TASK DETAILS =>
Restate word for word the lines below, from the one containing "workshop, seminar, training-2542461.jpg" through the final line, with no pictures included.

SUPPLIED MATERIAL =>
⟨

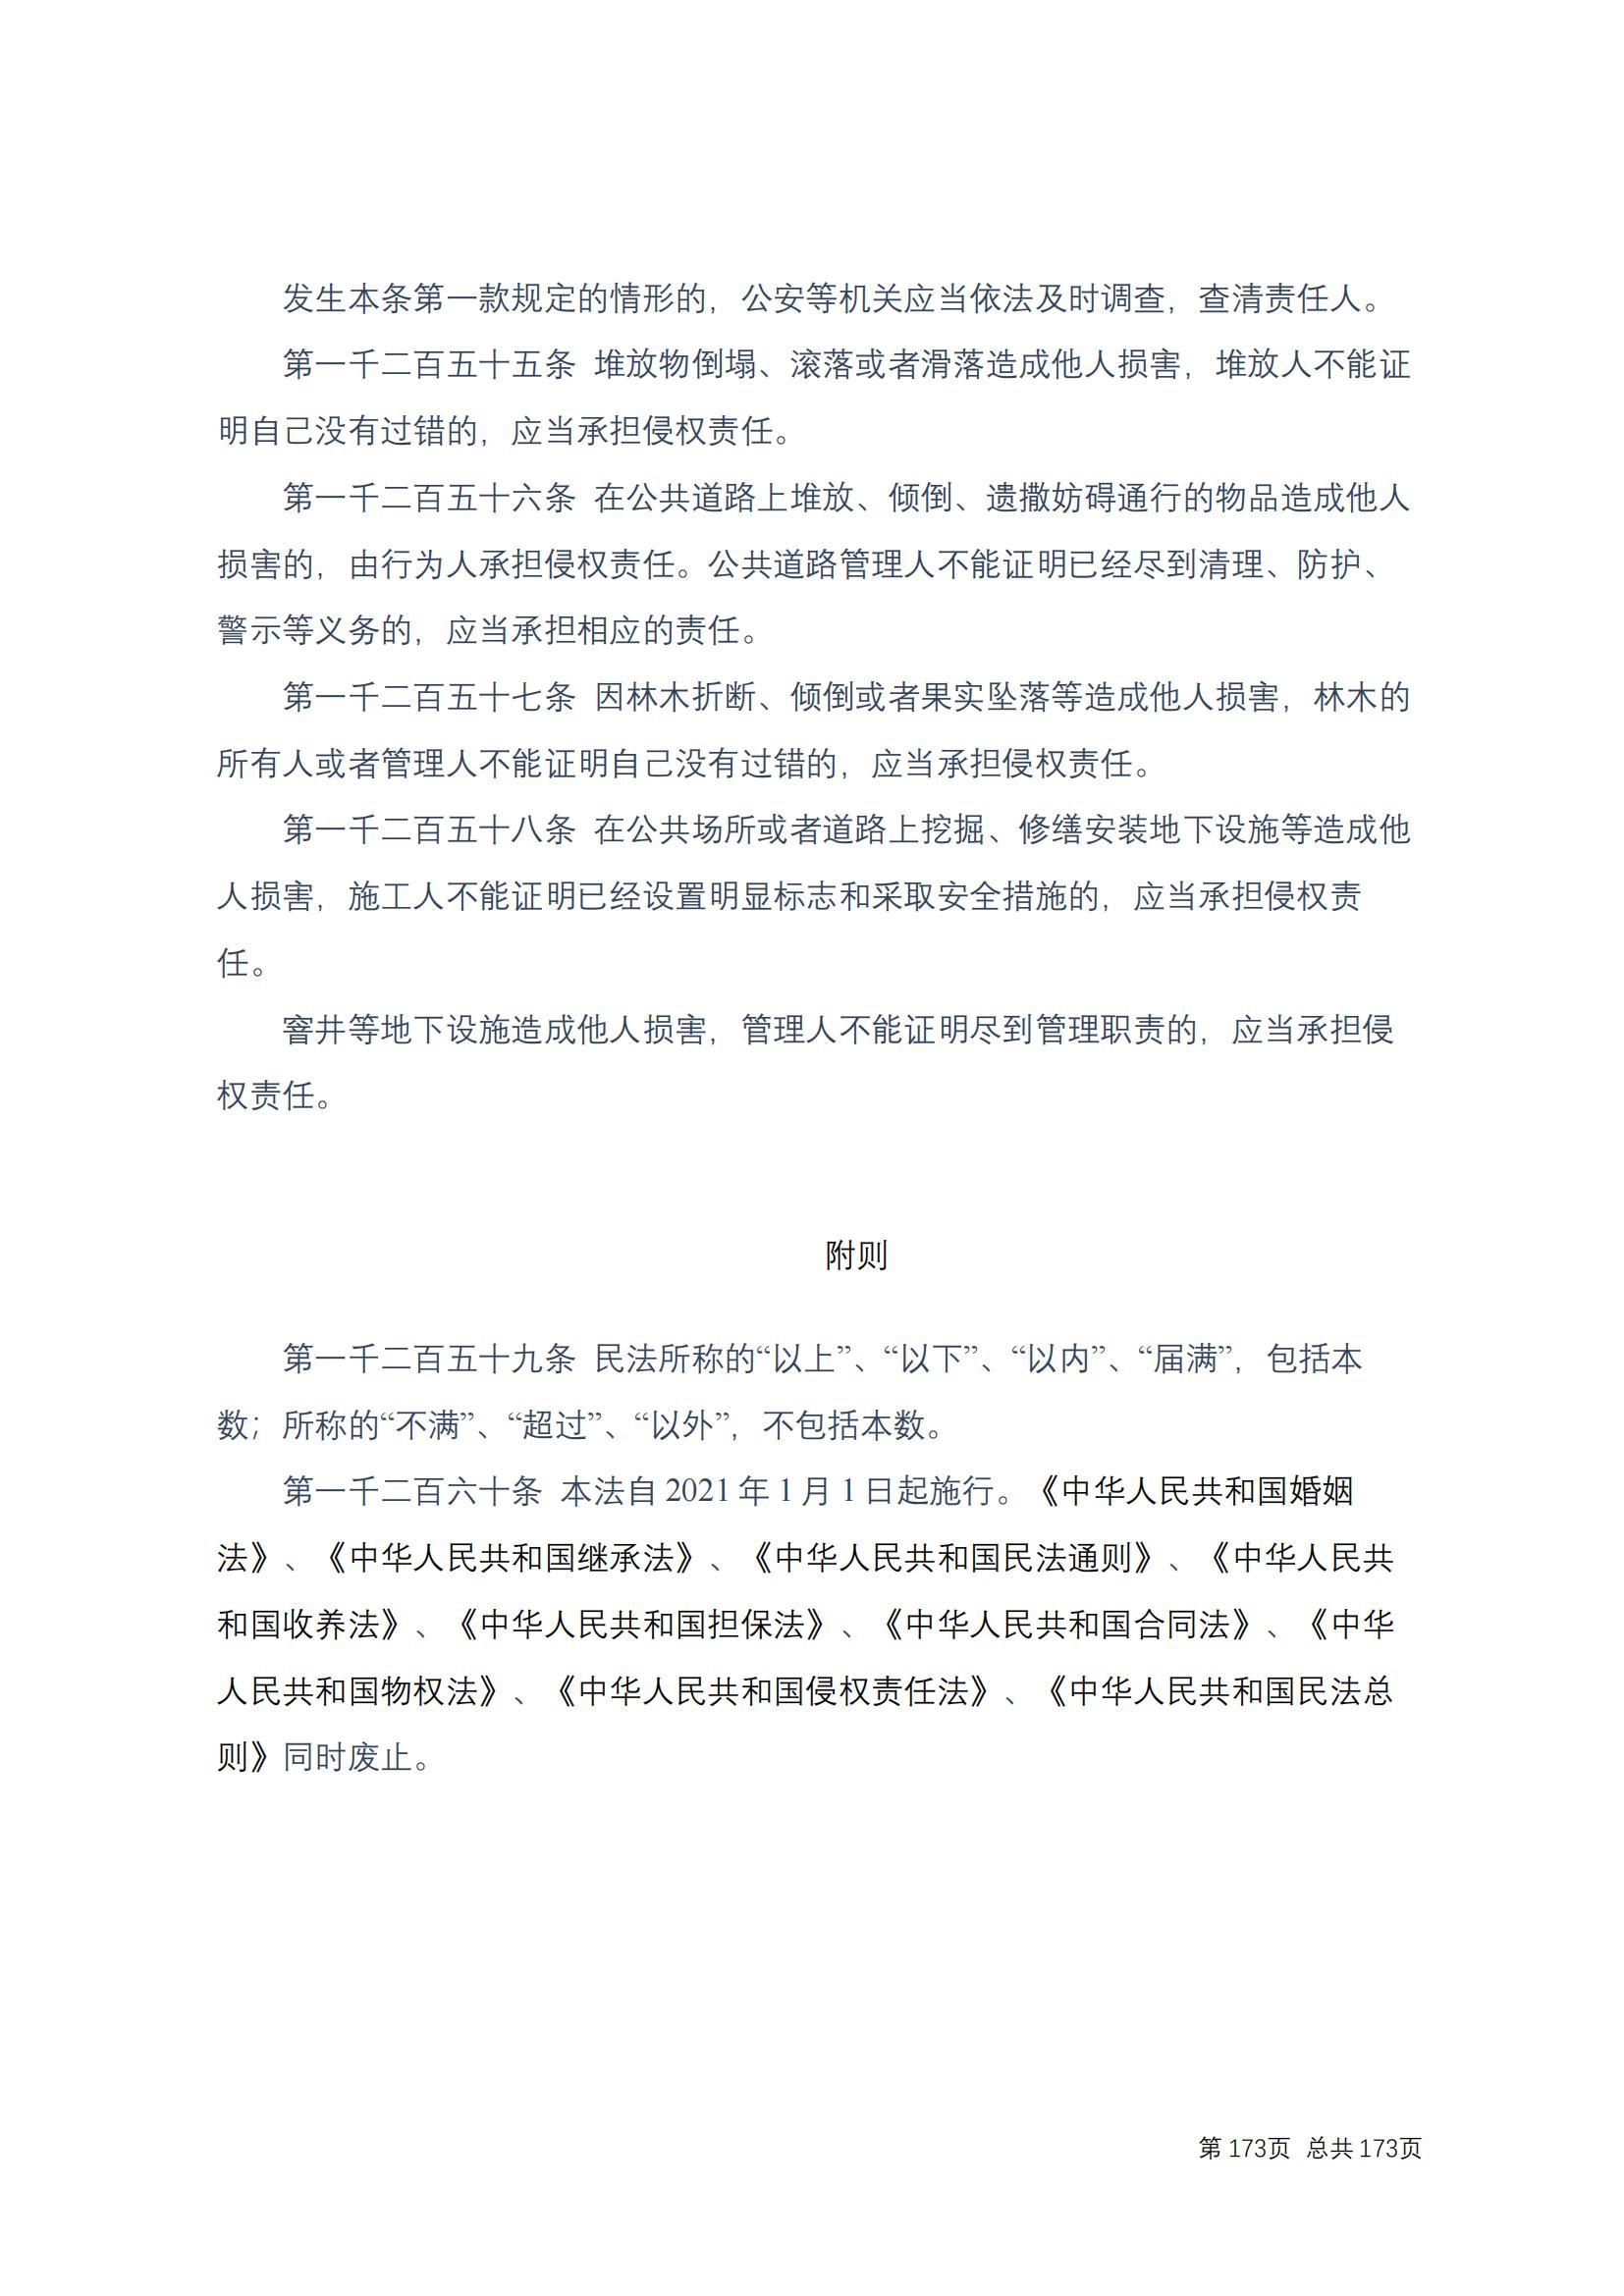 中华人民共和国民法典 修改过_172
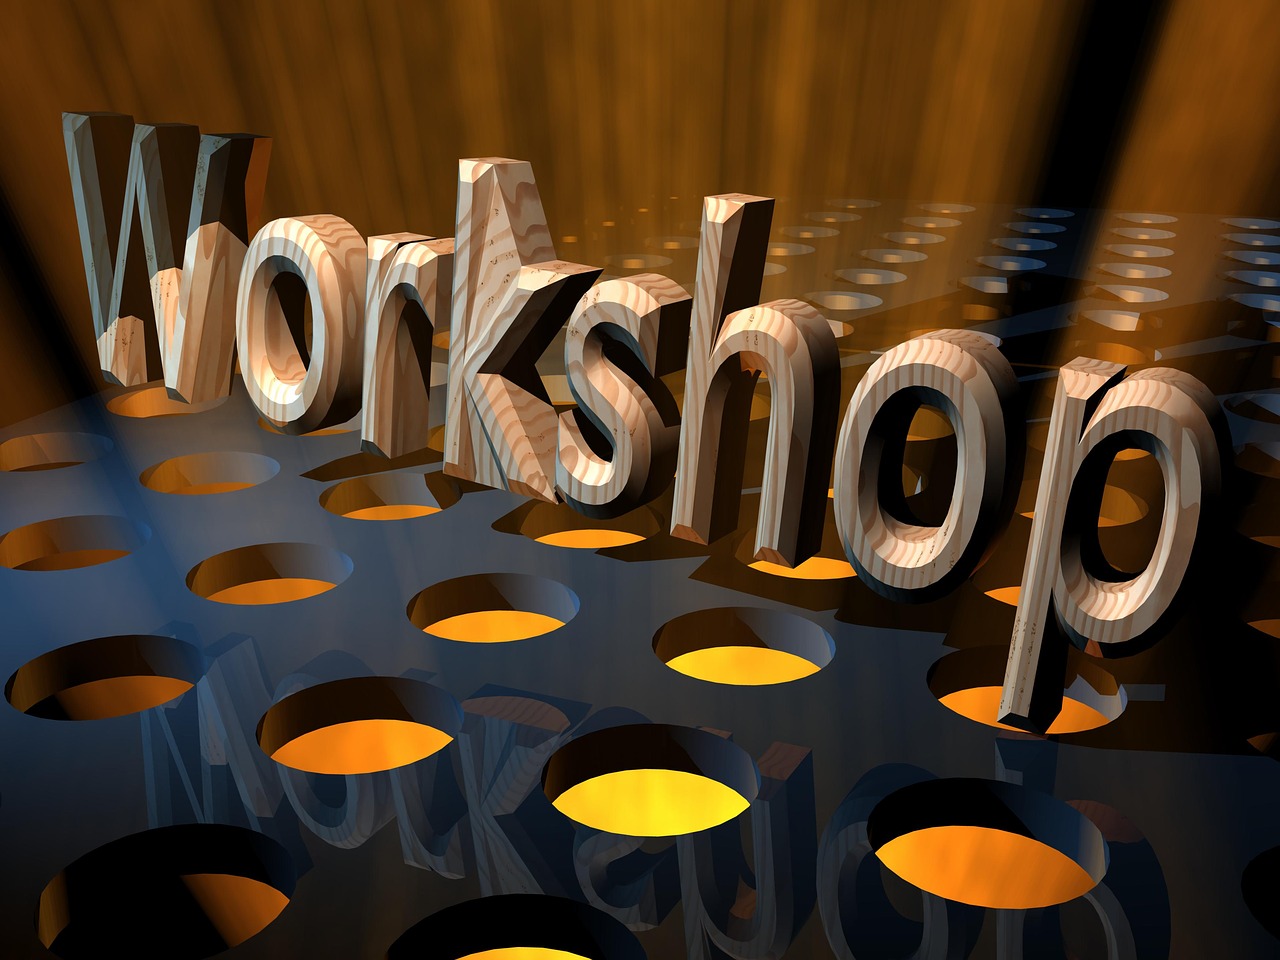 workshop, seminar, training-2542461.jpg
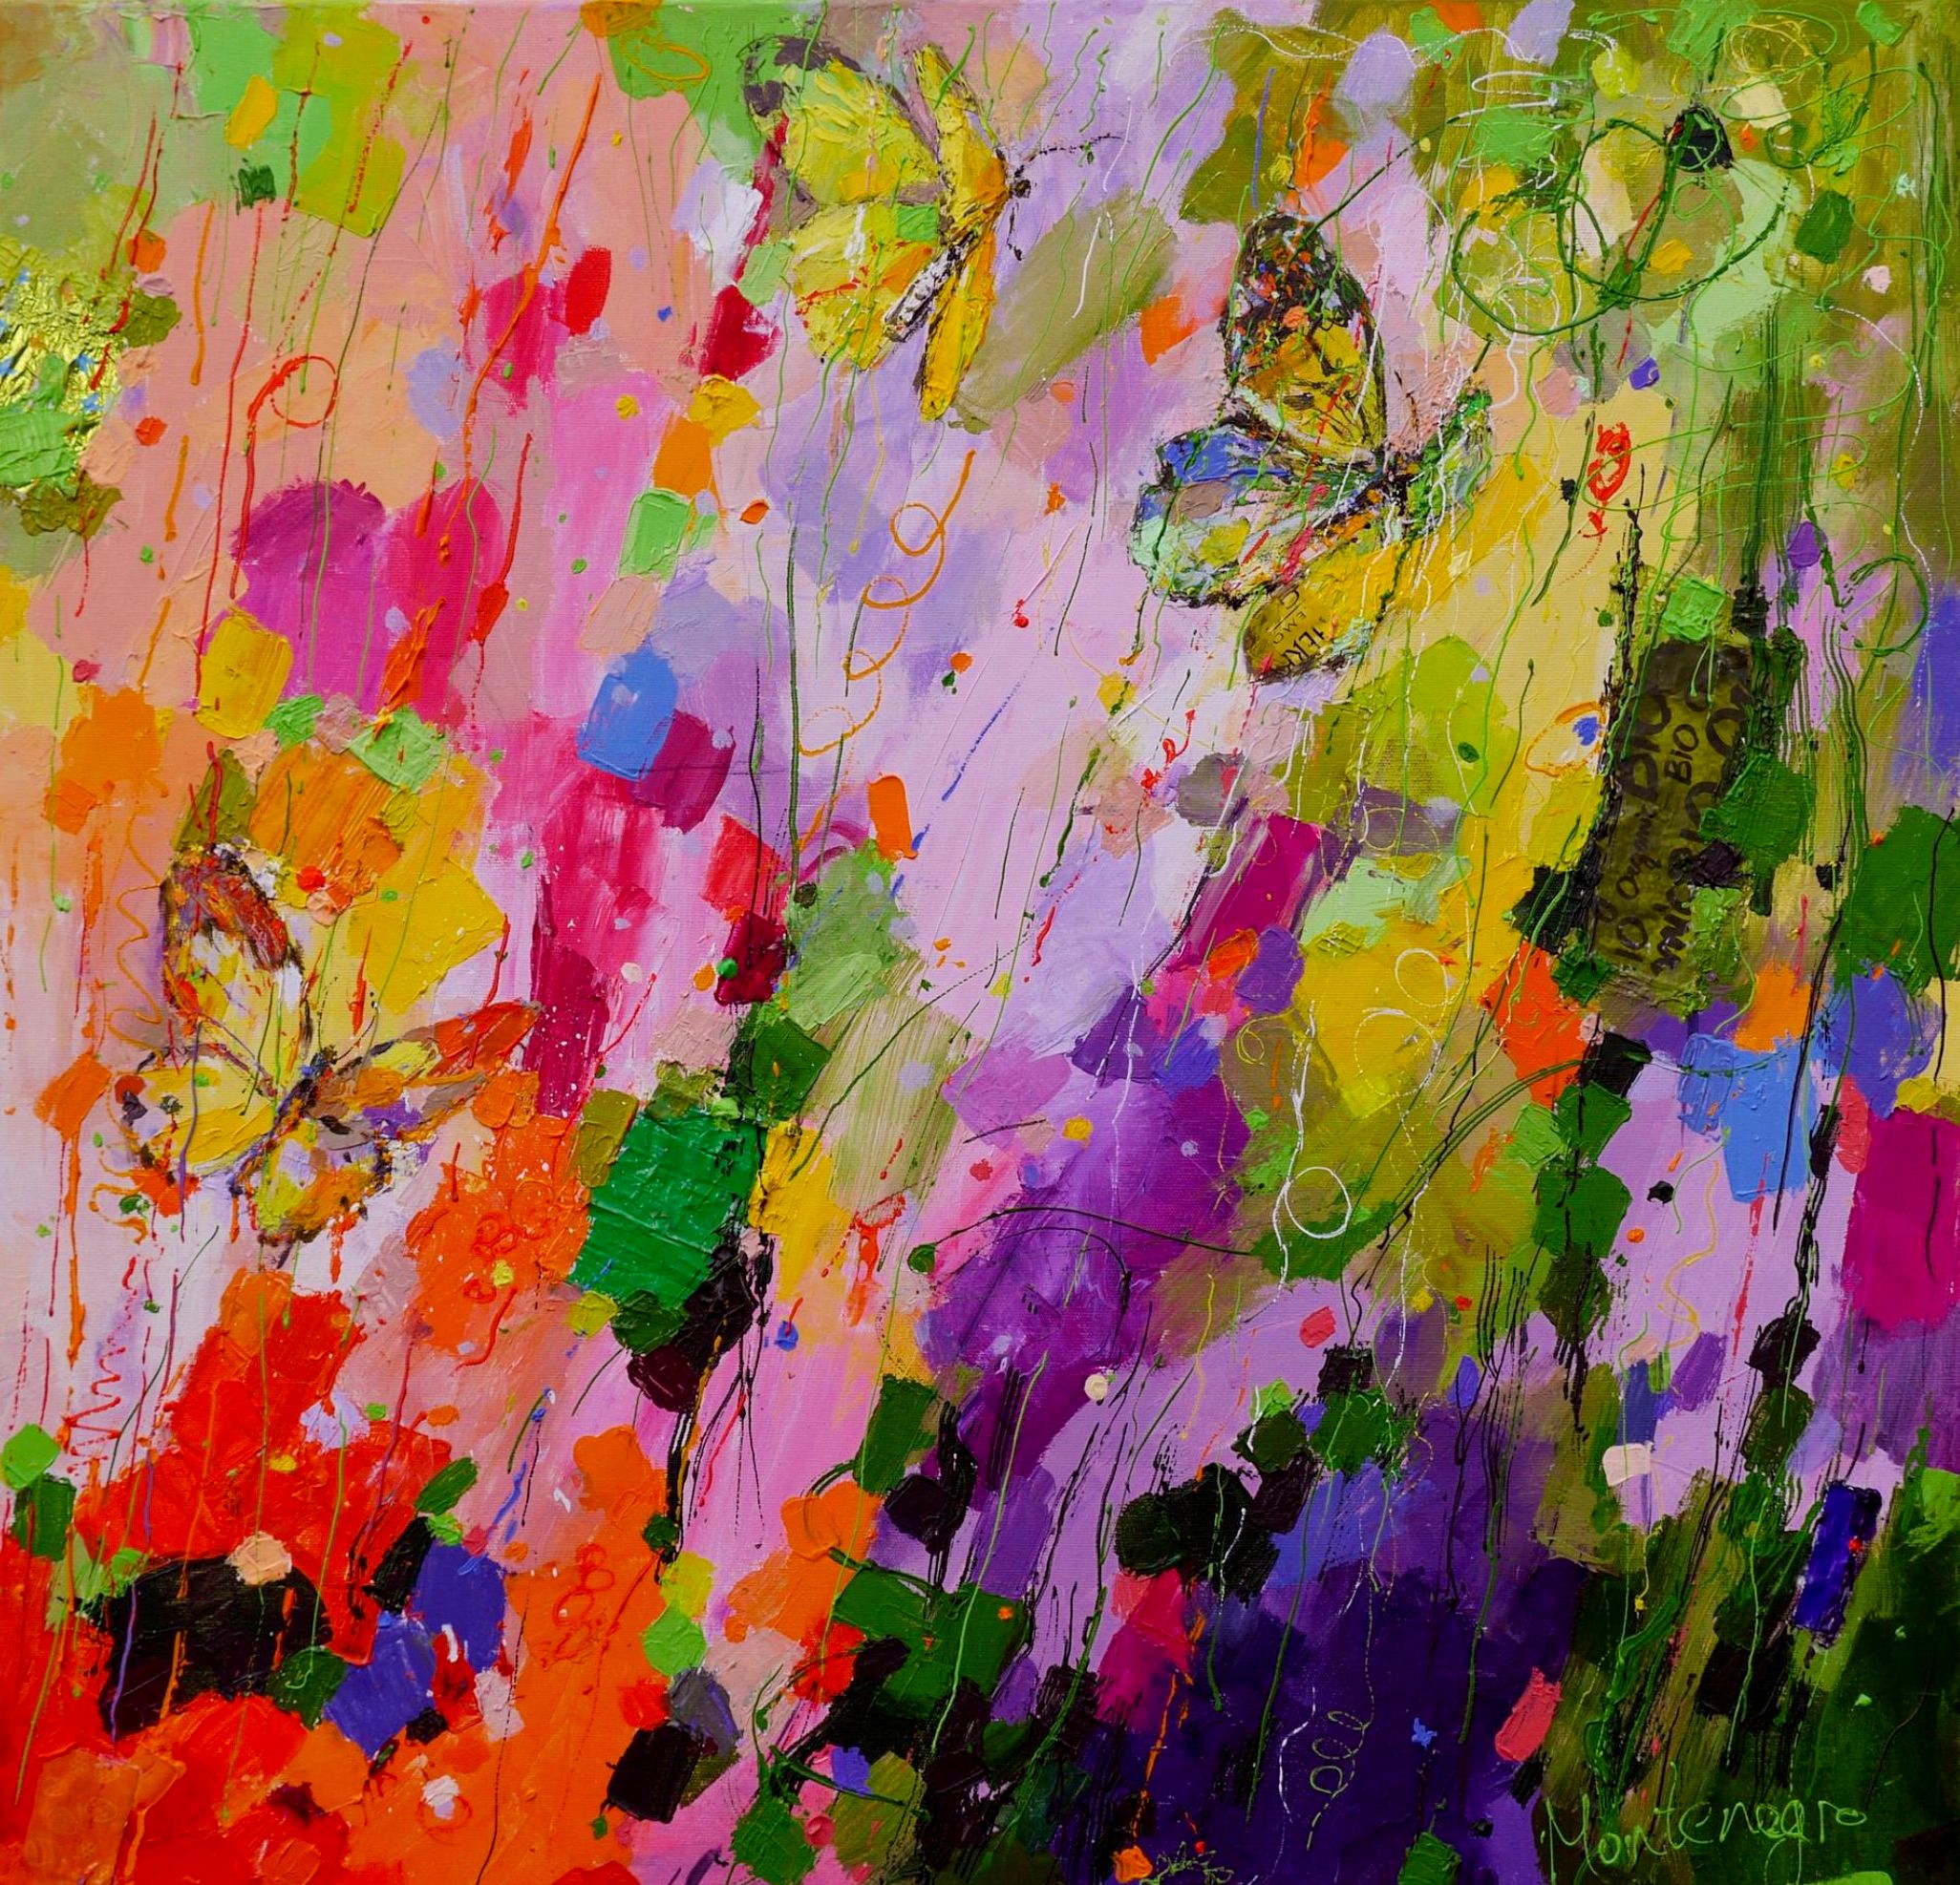 Miriam Montenegro pittura espressionista fiori e farfalle

⟩

SOLVED PROBLEM =>
 workshop, seminar, training-2542461.jpg
 Miriam Montenegro pittura espressionista fiori e farfalle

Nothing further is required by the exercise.